━━━━━ The records ━━━━━

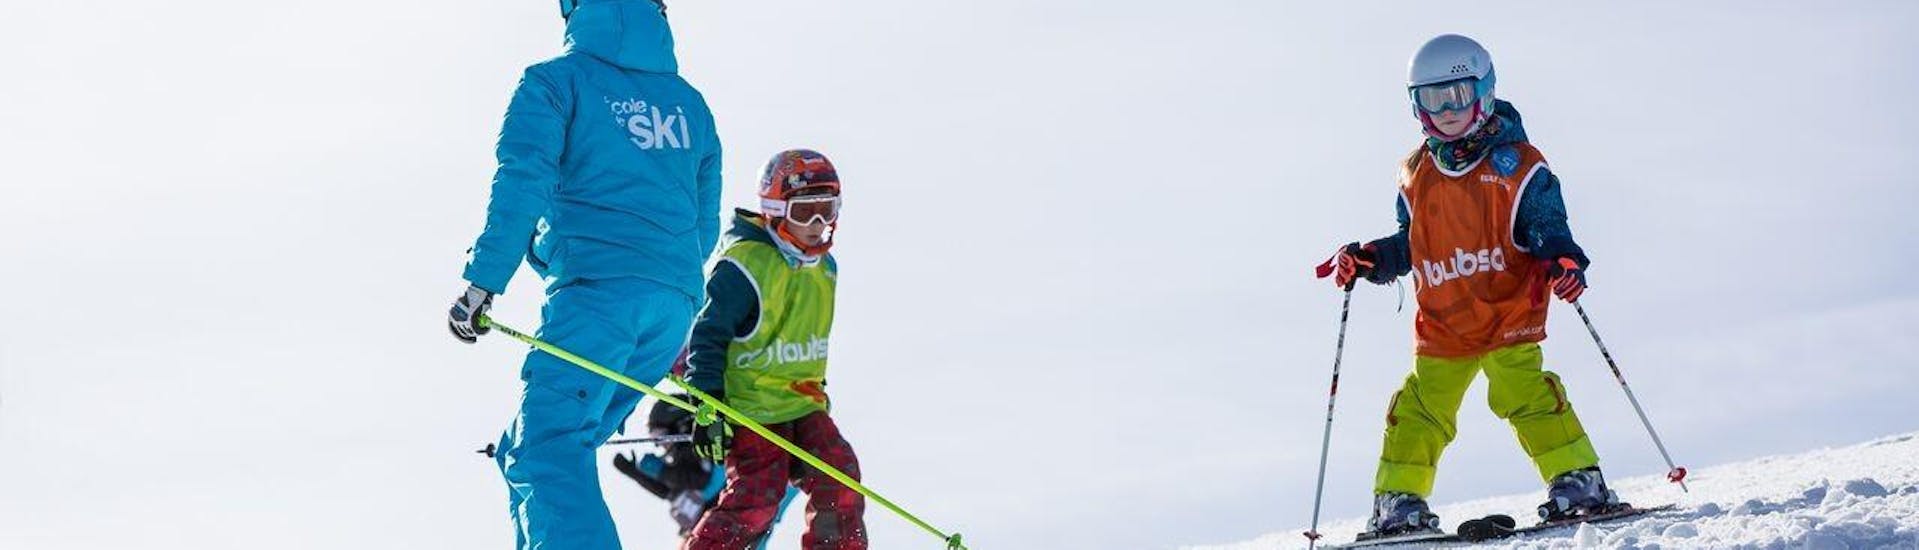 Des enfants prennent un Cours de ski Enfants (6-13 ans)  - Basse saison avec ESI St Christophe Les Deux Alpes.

━━━━━
━━━━━ The records ━━━━━

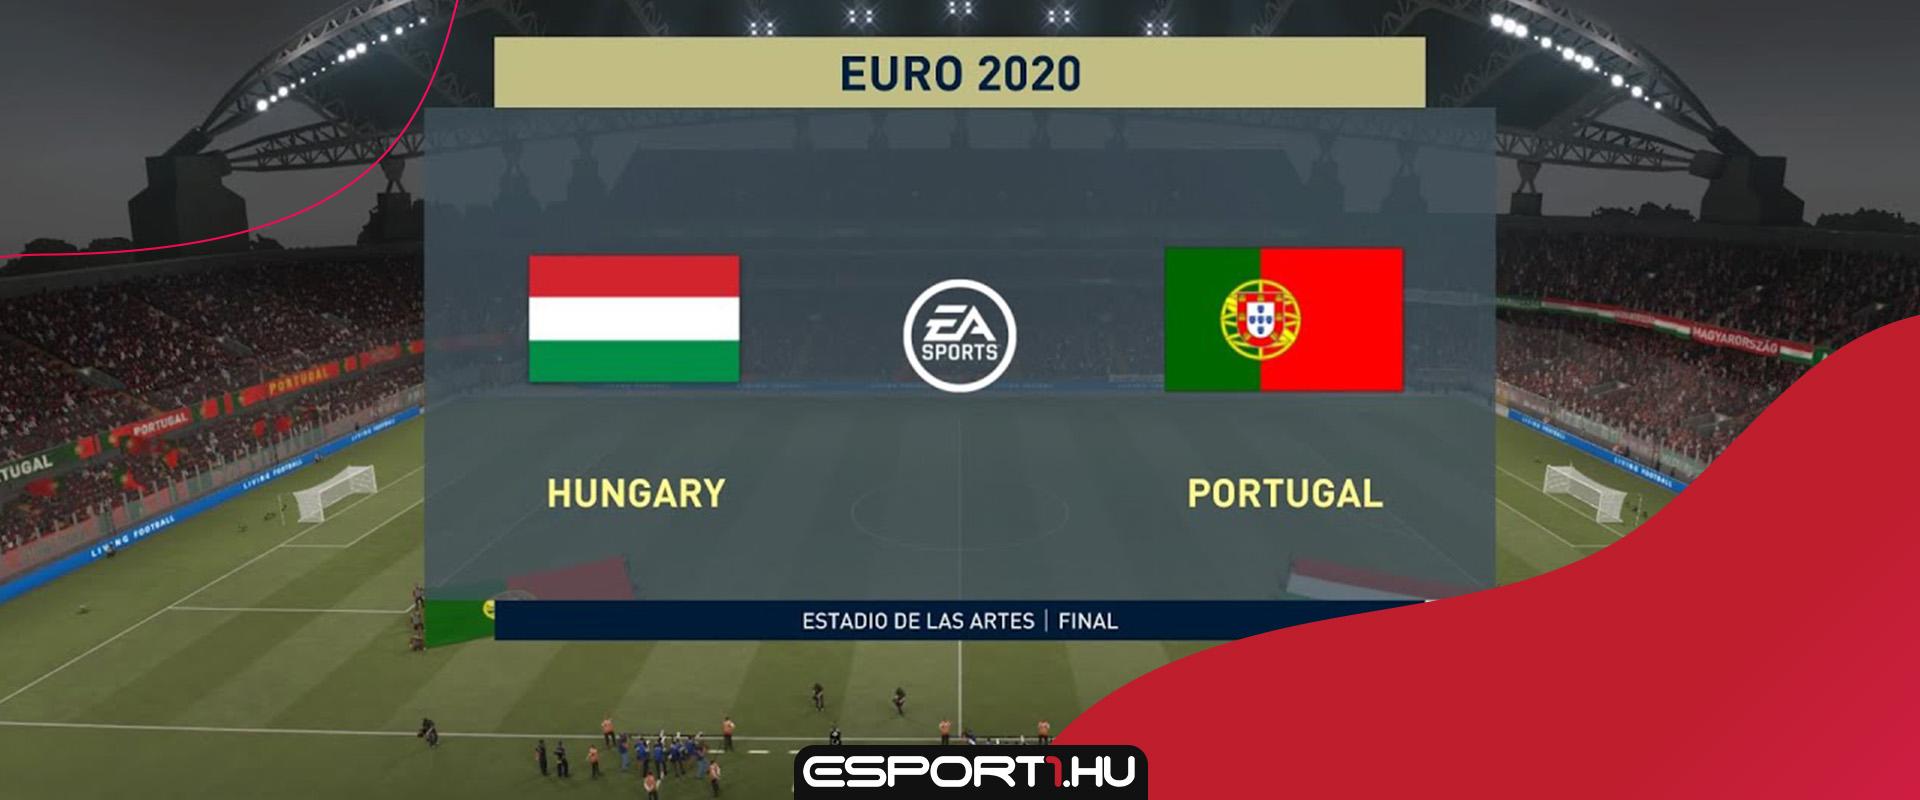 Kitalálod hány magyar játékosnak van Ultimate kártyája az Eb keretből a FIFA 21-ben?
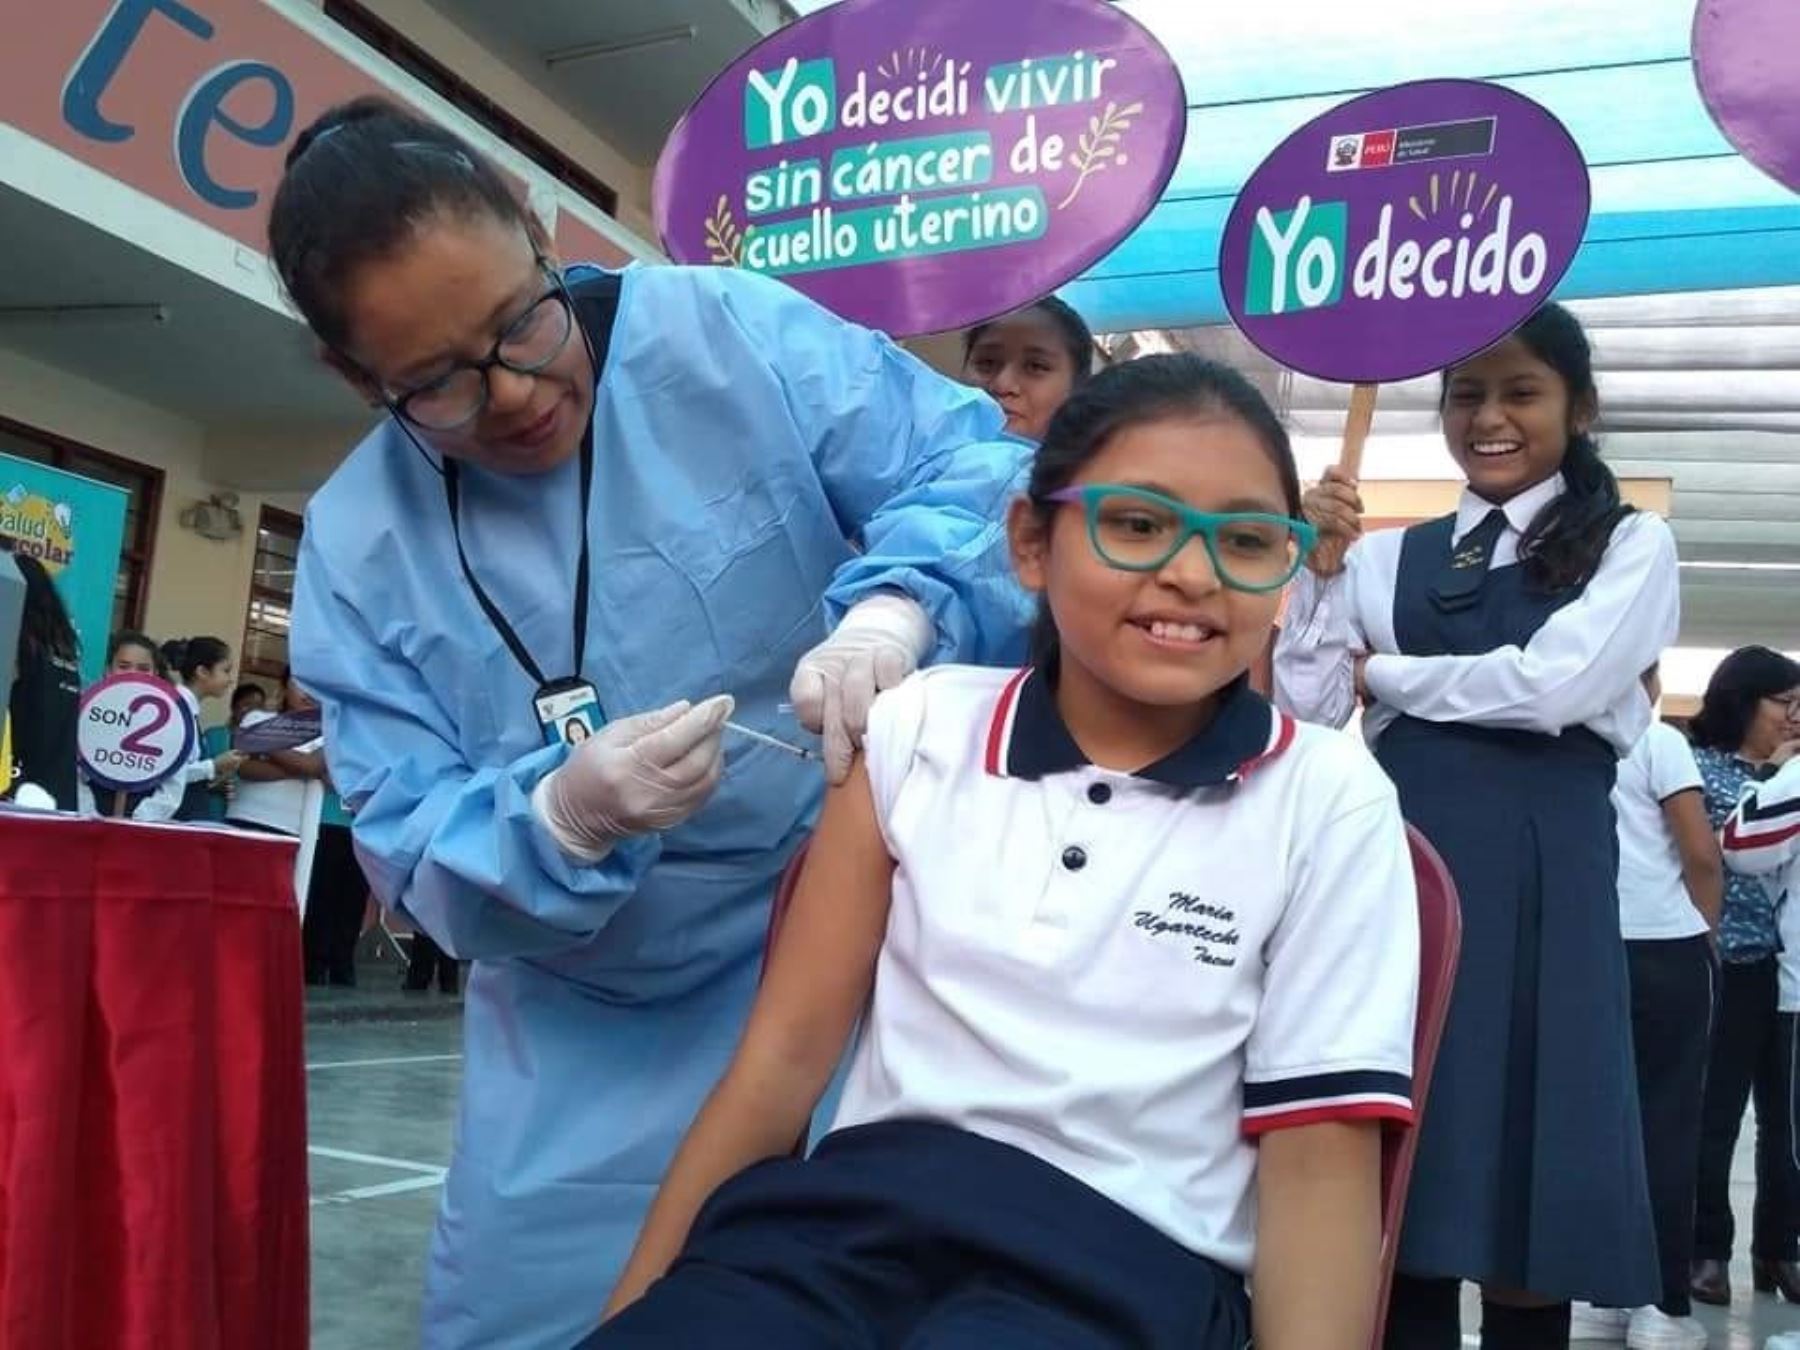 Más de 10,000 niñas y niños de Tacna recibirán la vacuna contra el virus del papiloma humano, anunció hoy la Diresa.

━━━━━

Work instructions:
Everything from the line above that contains "Kitalálod hány magyar" down to the line that contains "Más de 10,000" must be reproduced exactly, both ends included. Omit the pictures.

Reply:
 Kitalálod hány magyar játékosnak van Ultimate kártyája az Eb keretből a FIFA 21-ben?
 Más de 10,000 niñas y niños de Tacna recibirán la vacuna contra el virus del papiloma humano, anunció hoy la Diresa.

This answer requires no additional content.